Ее еще, еще качнуло вбок. Она взмахнула руками, падая. Удержаться на ногах! Нет, ты не удержишься, Катерина, ты… Она приоткрыла рот. Показала звездам кончик языка. Да, она сходила с ума, в этом не было сомнения. Колесо, колесо сансары крутилось, кружилось, жужжало в ее голове.
Она, держа себя руками за живот, надсадно, умалишенно крикнула:
– Я ненавижу!
Помолчала. Огляделась. Лагерь спал. Стояла глубокая ночь. Где Семенов?! Он же хотел принести хворост для жаровни… она помнит… Это – она еще – помнит… Почему он не искал ее?! Почему он… плюнул на нее?!
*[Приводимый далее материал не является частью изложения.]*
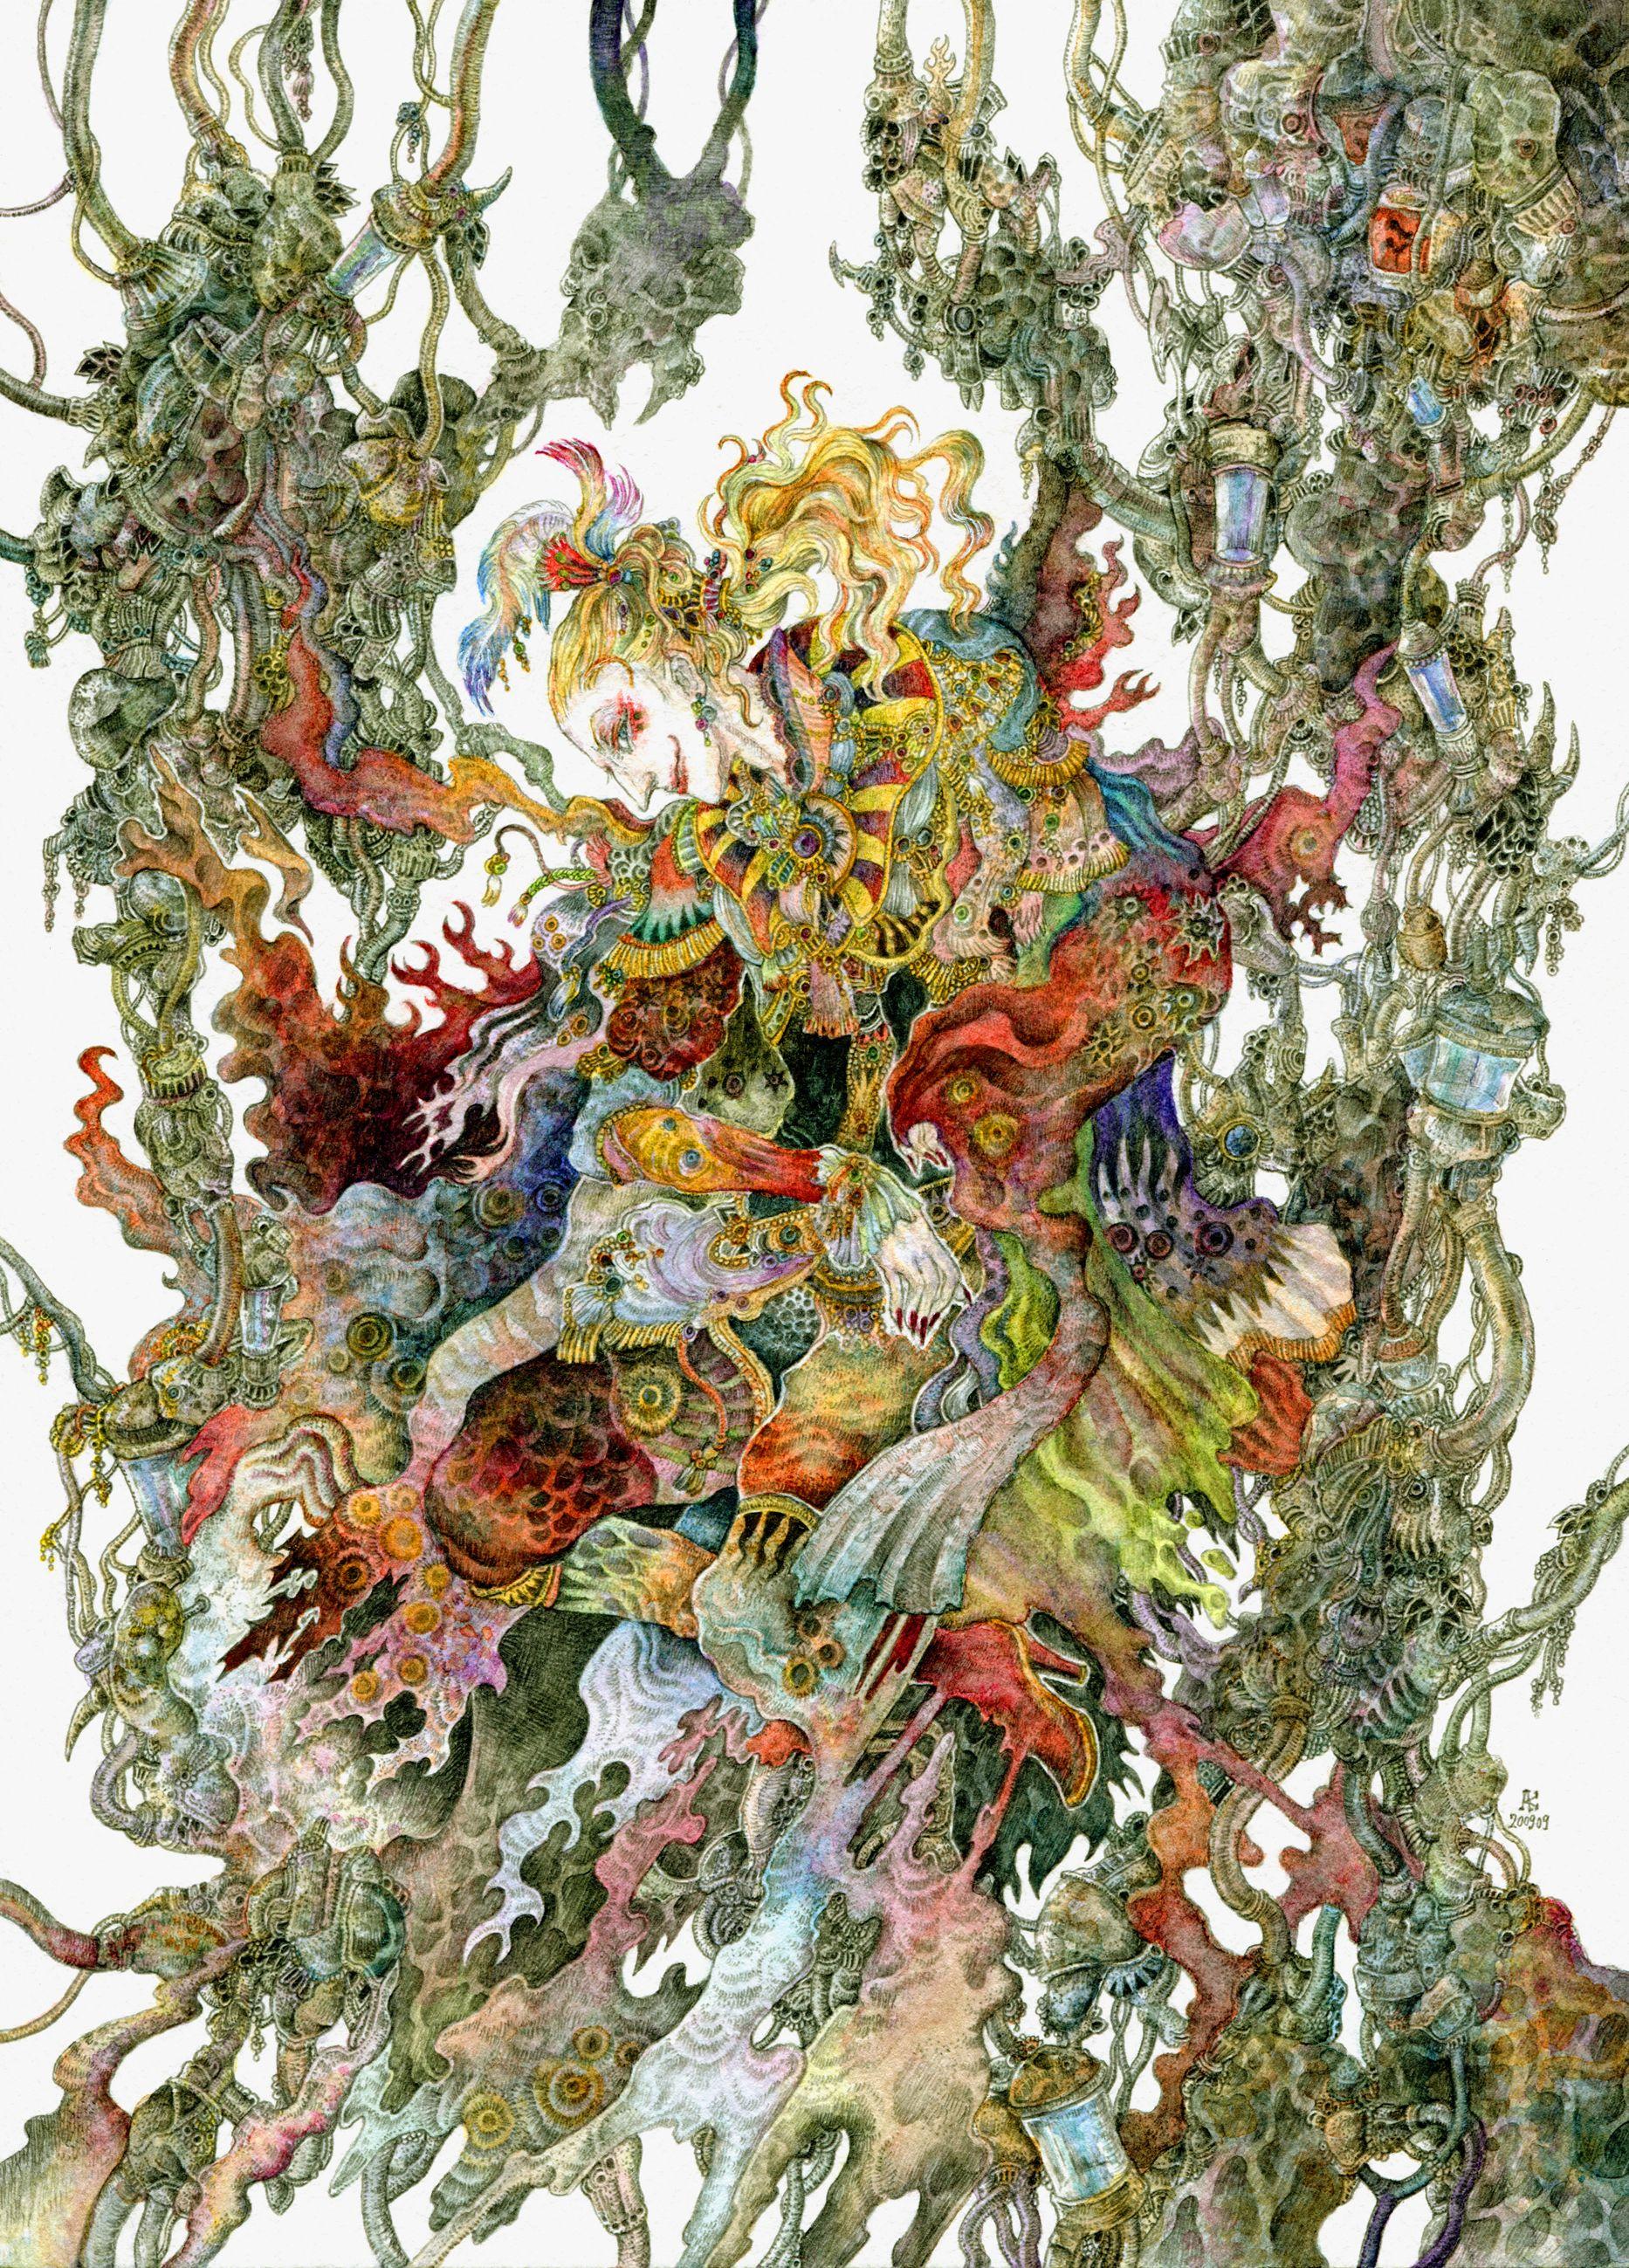 Kefka Pallazzo Final Fantasy Art Final Fantasy Artwork Pop Illustration
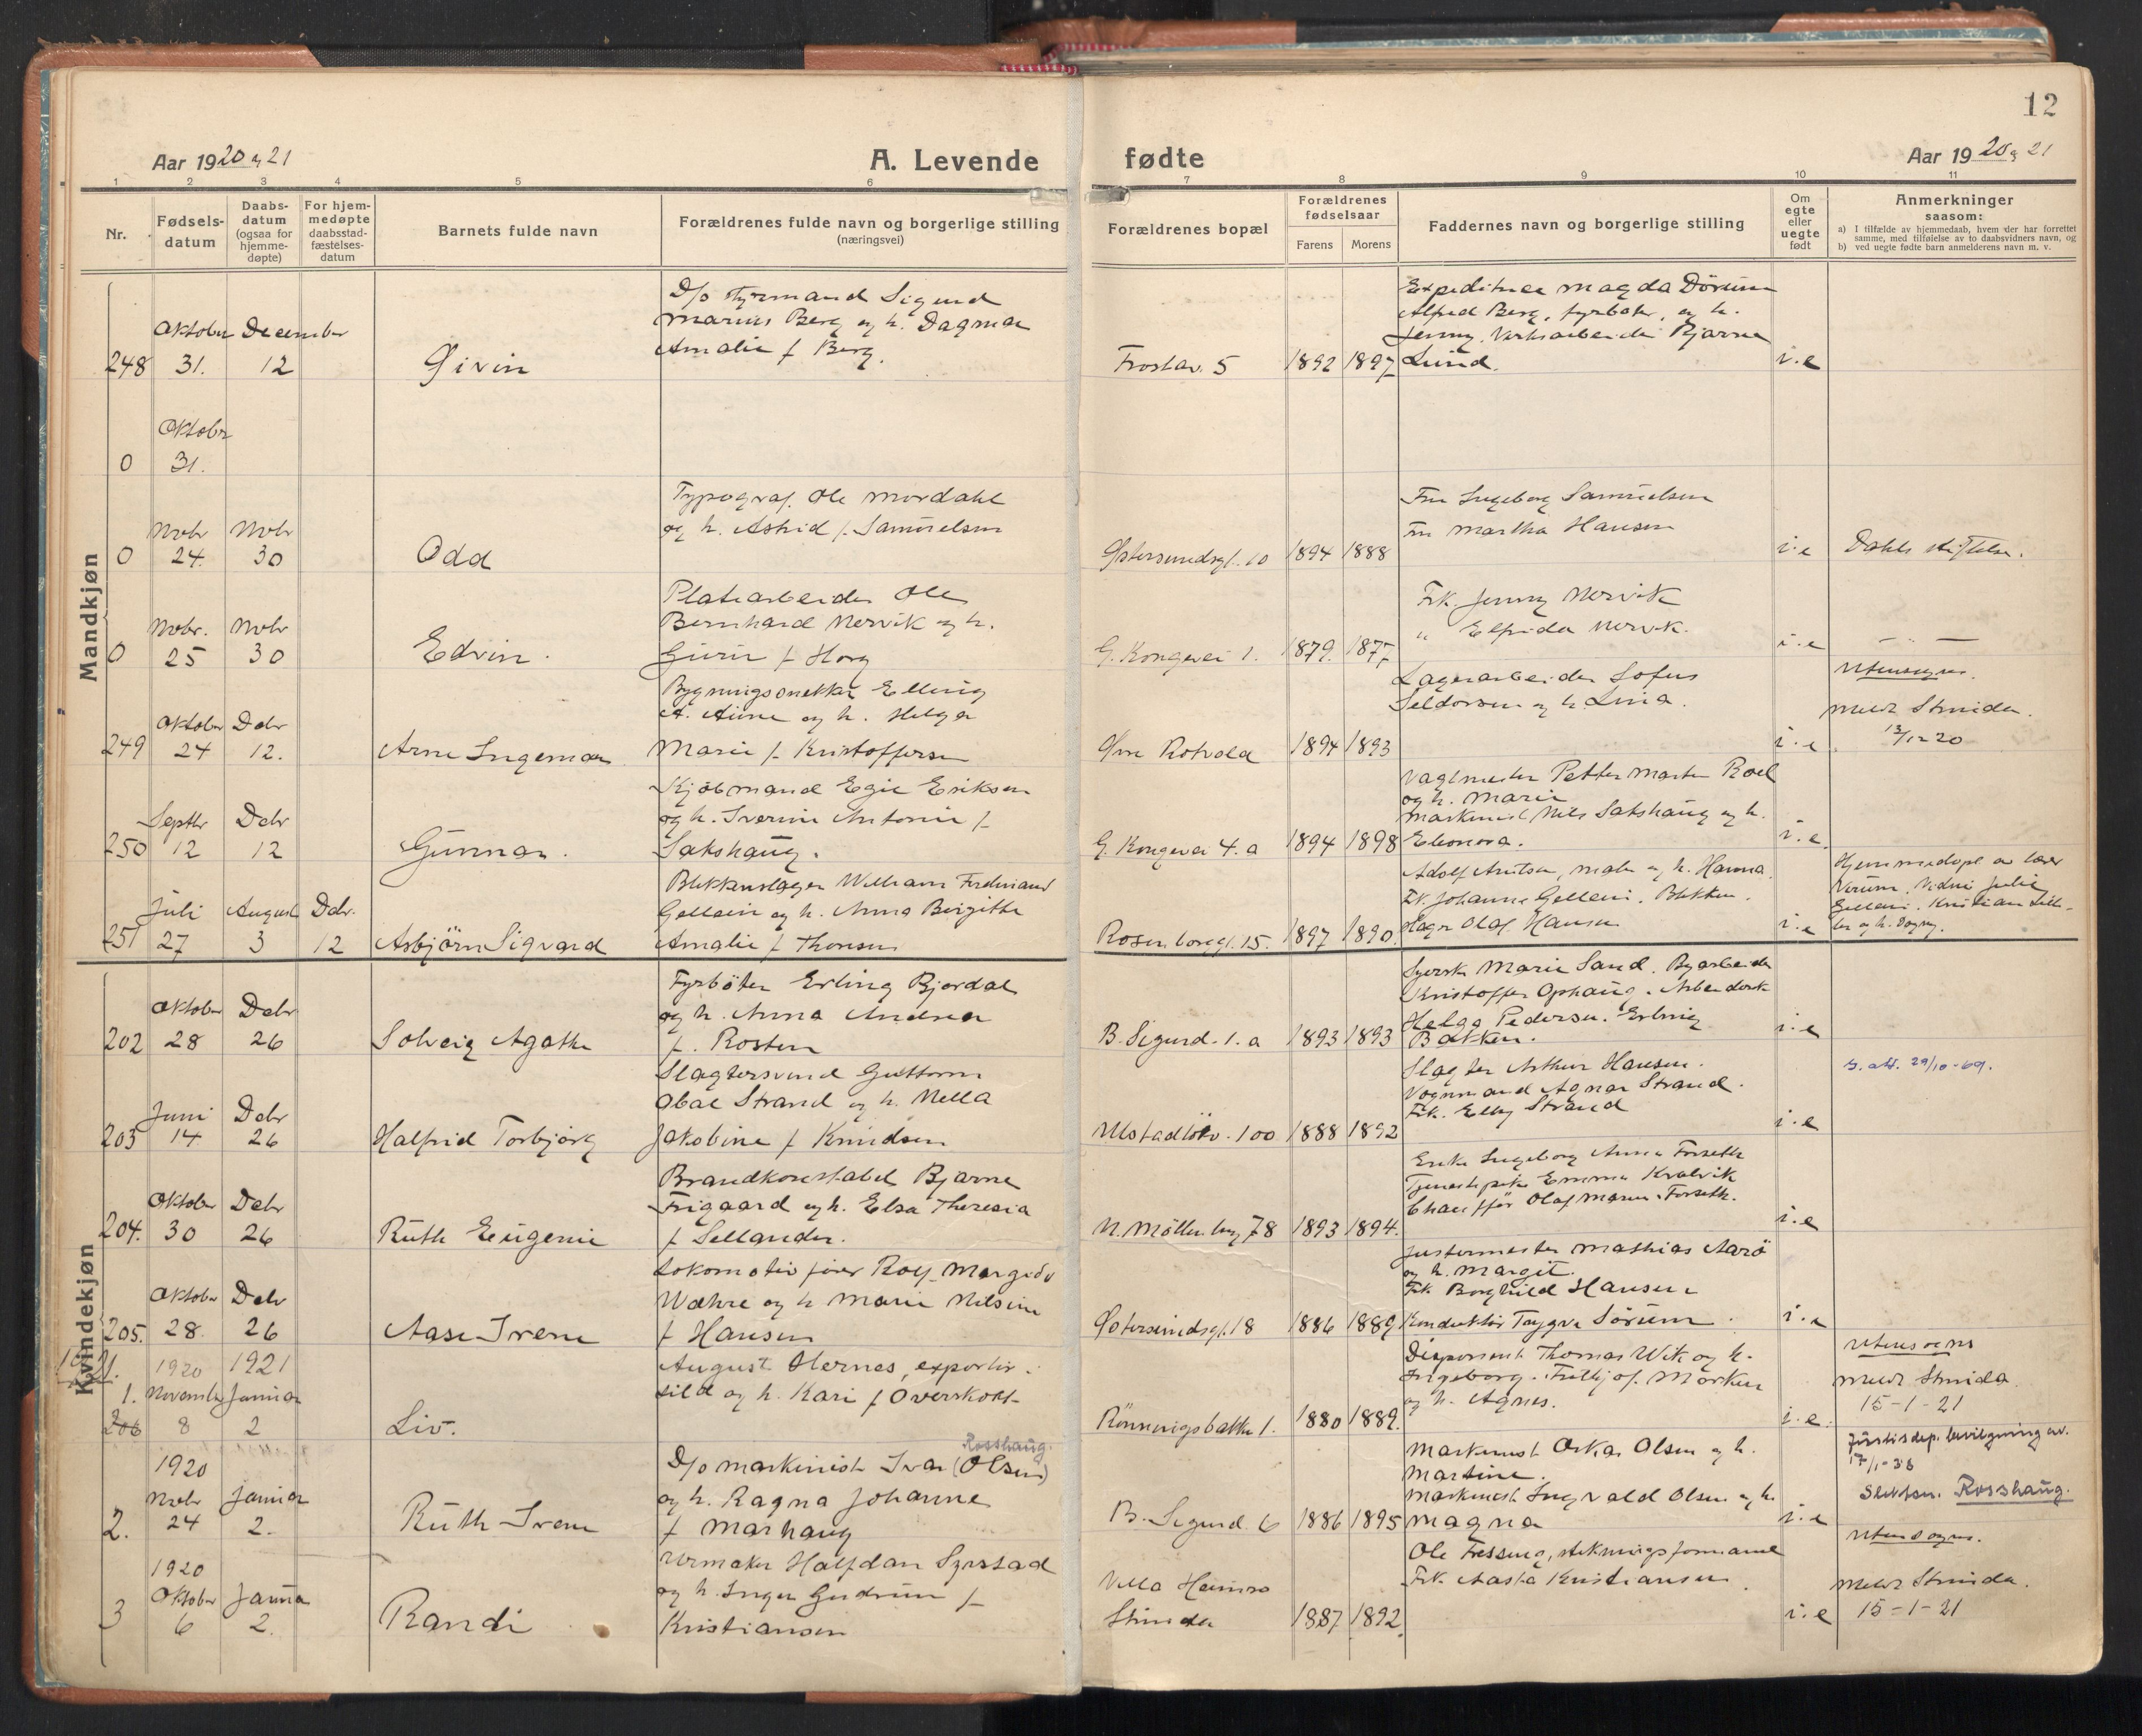 SAT, Ministerialprotokoller, klokkerbøker og fødselsregistre - Sør-Trøndelag, 605/L0248: Ministerialbok nr. 605A10, 1920-1937, s. 12

«Можно кричать, можно, выкричись, облегчись, видишь, никто не идет за тобою», – сказал внутри нее ехидный, тоненький голосок. И, набрав в грудь воздуху, она закричала, и уже кричала, не останавливаясь, закинув голову, раскинув руки, глядя полными слез глазами на равнодушные звезды над головой:
– Я ненавижу здесь все! Я ненавижу Восток! Я ненавижу ваши степи! Вашу полынь! Ваших верблюдов! Ваши вонючие юрты! Вашего жирного Будду! Вашего жирягу, хищника Будду ненавижу я! Я плюю на вас, отродья! Исчадья ада! Собаки! Собаки! Соба…
Она не докричала. Захлебнулась криком. Упала на снег.
Уже не помнила, не видела ничего.
* * *
Потрогать маленького Будду за нос. Он же еще младенчик. Это Будда, который только что родился. Мать родила его только что, и он еще царевич Гаутама. Еще все кидают подарки к его ногам, закармливают его сладостями, купают в молоке, заваливают роскошествами, увенчивают алмазами и рубинами. Еще ему, малышу, кажется – весь мир принадлежит ему. Ты, глупенький Гаутама, ты же еще не знаешь, что ты станешь великим аскетом Буддой. Что ты выучишь и вскормишь палестинского Иссу там, высоко, в Гималаях.
Ташур, улыбаясь, еще раз погладил крошечную нефритовую статуэтку младенца Будды по зеленому нефритовому носу. Он знал: не у всех монголов есть такие вот статуэтки – малыша Будды. Царевич Гаутама, сладостный Сиддхартха, отшельник Шакьямуни, обычно изображался мастерами уже зрелым, мудро улыбающимся, сидящим в позе лотоса, положив спокойные руки на раздвинутые колени: изображался владыкой – он, нищий, проповедовавший в рваном плаще под деревом при дороге. А тогда, когда он действительно был владыкой полумира, он беспомощно барахтался в кроватке с позолоченными шишечками. Ташур потрогал пальцем прохладную нефритовую щечку статуэтки. А улыбка-то такая же, как у взрослого… у мудреца.